For most families, their washing machine is a true workhorse. So, when it is not working properly, it can make a big mess of essential everyday routines.

If your washing machine is not draining, you might immediately start seeing dollar signs - but don't head to the appliance store just yet! There are several reasons for a washing machine not draining, many of which can be easily (and affordably) fixed.

First and foremost, you will need to figure out how to manually drain a washing machine to get rid of the standing water. With this step-by-step guide, you can get the job done with minimal mess.

Supplies Needed for Manually Draining a Washing Machine

  • Large bucket (a five-gallon bucket works perfectly)

  • Needle-nose pliers

  • Screwdriver

  • A plumber's snake

  • Towels

  • A shallow container (if you are draining a front-loading machine)

  • Optional: the owner's manual for the machine

How to Drain a Washing Machine Manually

Before you can start the draining process, you will need to know exactly which steps to follow. The necessary steps you will follow all depend on whether you have a top-loading or front-loading washing machine. Below, we are breaking down the steps for draining each type of washing machine.

How to Manually Drain a Top-Loading Washing Machine

  1. First, make sure that the machine's lid is securely closed. A top-loading washing machine will only drain and spin when the lid is completely closed due to a locking mechanism, so resolving the problem could be as simple as checking the lid. Carefully lower the lid, pressing it down firmly to see if a defective lid switch is the culprit. If the machine doesn't start draining, move forward to step two.

  2. Unplug the washing machine and lay down towels. Take the proper safety precautions to turn off the power, either by unplugging the machine or switching off the correlating circuit breaker (if your machine is hardwired into your home's electrical system). Please note that this is an important step in order to prevent electrical shock. After the unit has been unplugged, place towels around the base of the machine just in case of a spill.

  3. Find the drain hose, which is located at the back of the machine. Carefully move the washing machine away from the wall, so you can have more space to access the back. On the washer's back, look for the three standard hoses: blue for cold water, red for hot water, and gray for draining (typically). We recommend shutting off the water supply (to the cold/hot water hoses) as an extra precaution. Then, disconnect the machine's drain hose from its pipe. Hold the drain line above the machine to prevent water from coming out.

  4. Drain the water into a bucket. Get your large bucket, then slowly lower the drain hose into it. Gravity will take care of draining the water. Once all the water has been drained, you can reconnect the drain hose and discard the water. Repeat these steps until the washing machine drum is completely emptied.

How to Manually Drain a Front-Loading Washing Machine

  1. Turn off the power and place towels around the machine. Unplug the washing machine or switch off the correct circuit breaker (if it is hardwired into your home's electrical system). Ensuring the unit has no power is important to avoid the risk of electrical shock. Once the unit is off, place towels around the machine to soak up any accidental spills.

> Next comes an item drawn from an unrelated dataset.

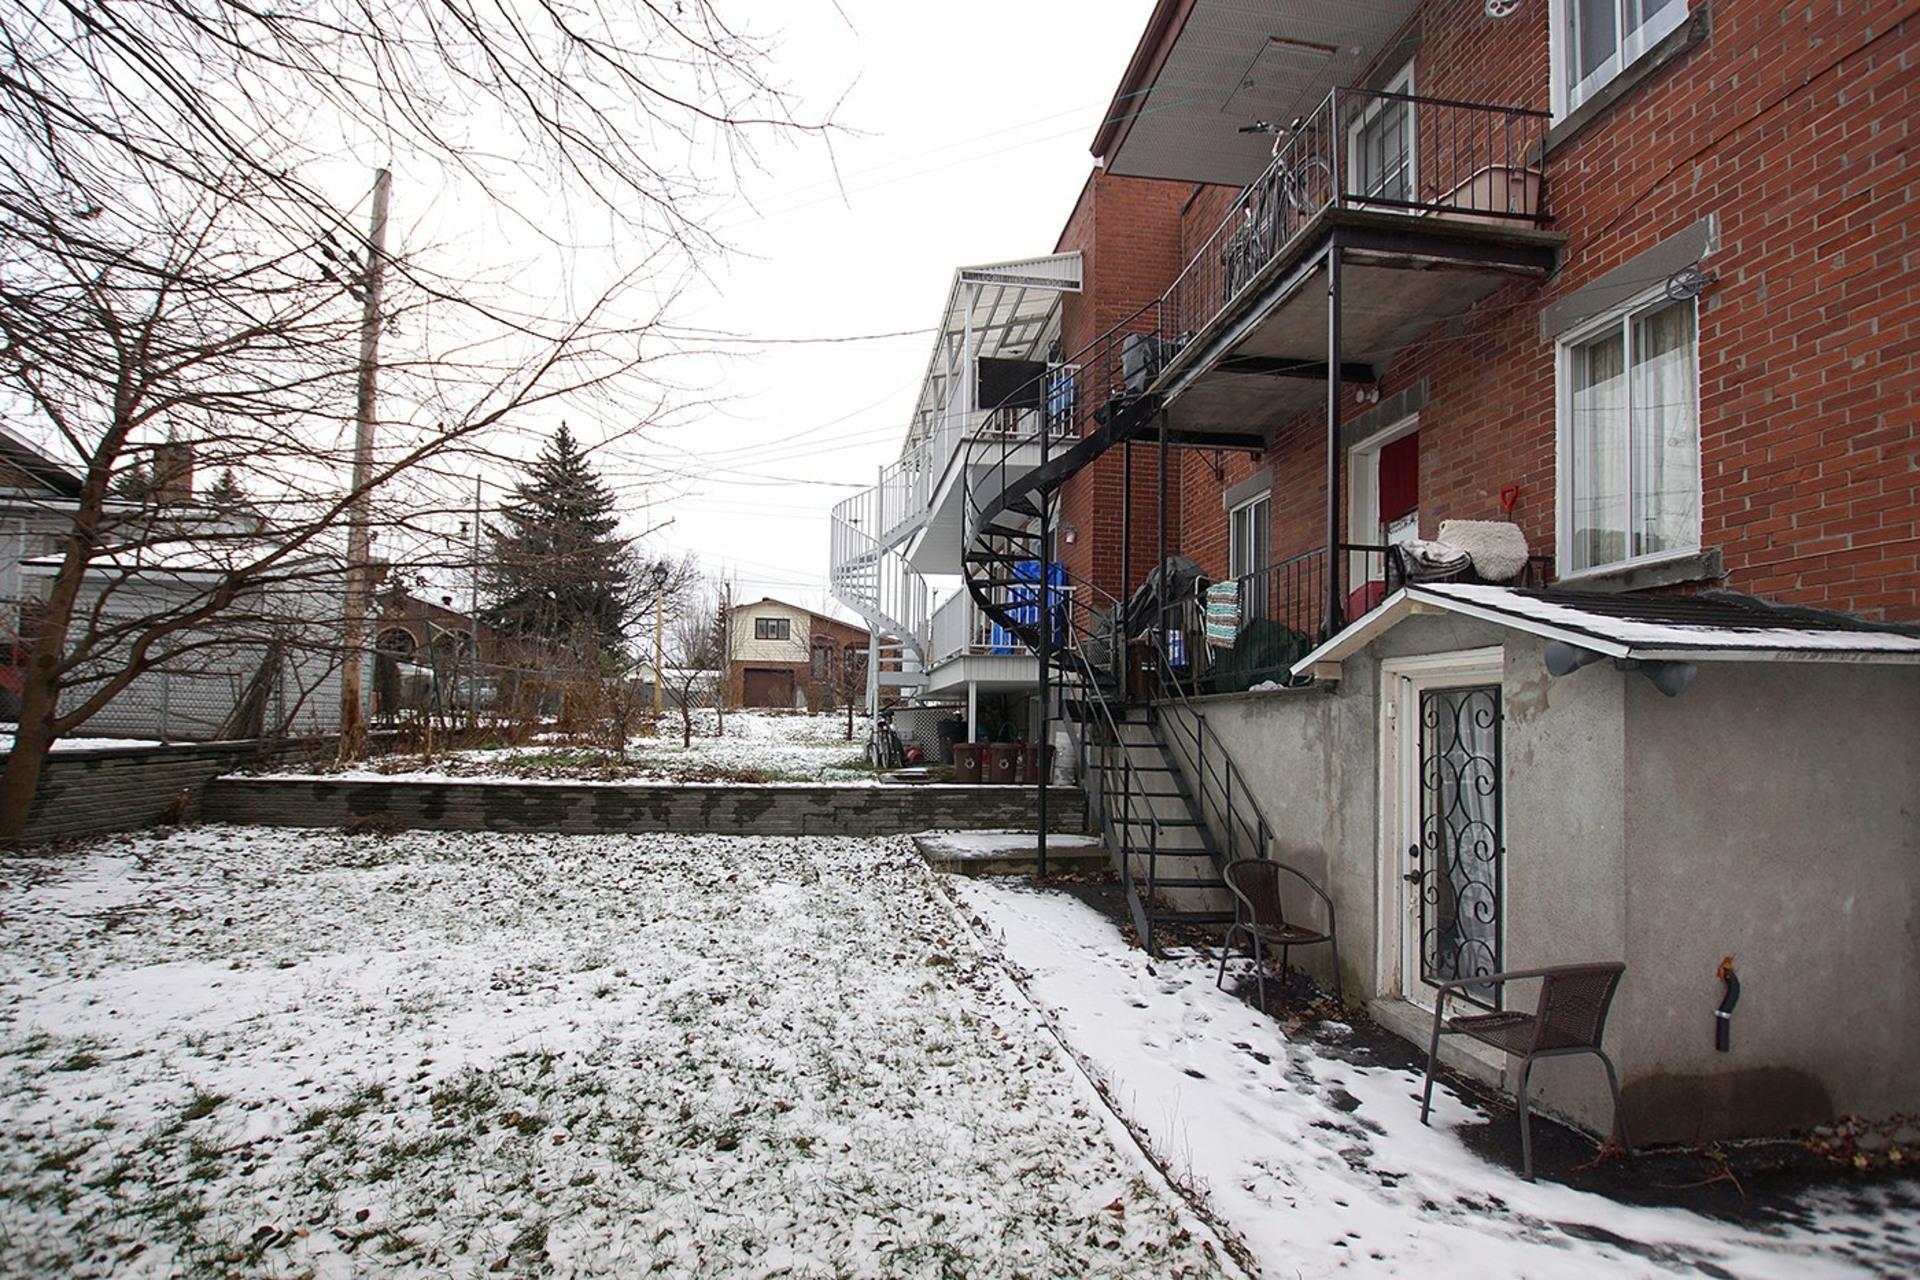 image 44 - Duplex For sale Rivière-des-Prairies/Pointe-aux-Trembles Montréal  - 4 rooms

  2. Locate the machine's drain hose. On a front-loading washer, you will either see a single drainpipe filter or a separate drain hose and drainpipe filter. Regardless of your machine's set-up, you can typically find the drain hose behind the panel on the bottom-front of the washer. Your owner's manual will provide clear steps for opening the panel to access the drain hose. You may need a screwdriver.

  3. Drain the water from the machine.

    1. If your machine is equipped with only a drain pump filter, you'll put a shallow container directly under the drain pump filter to catch the draining water. Slowly turn the knob until water begins to come out. Once the container is full, turn the knob back. Then, dump the water. Repeat these steps until the machine is fully drained.

    2. If your washer has a drain pump filter and a drain hose/tube, you'll first need to unclip the tube. Unscrew the end cap once you've positioned the container to catch the water. After the water is completely drained, replace the cap securely and clip the hose into place.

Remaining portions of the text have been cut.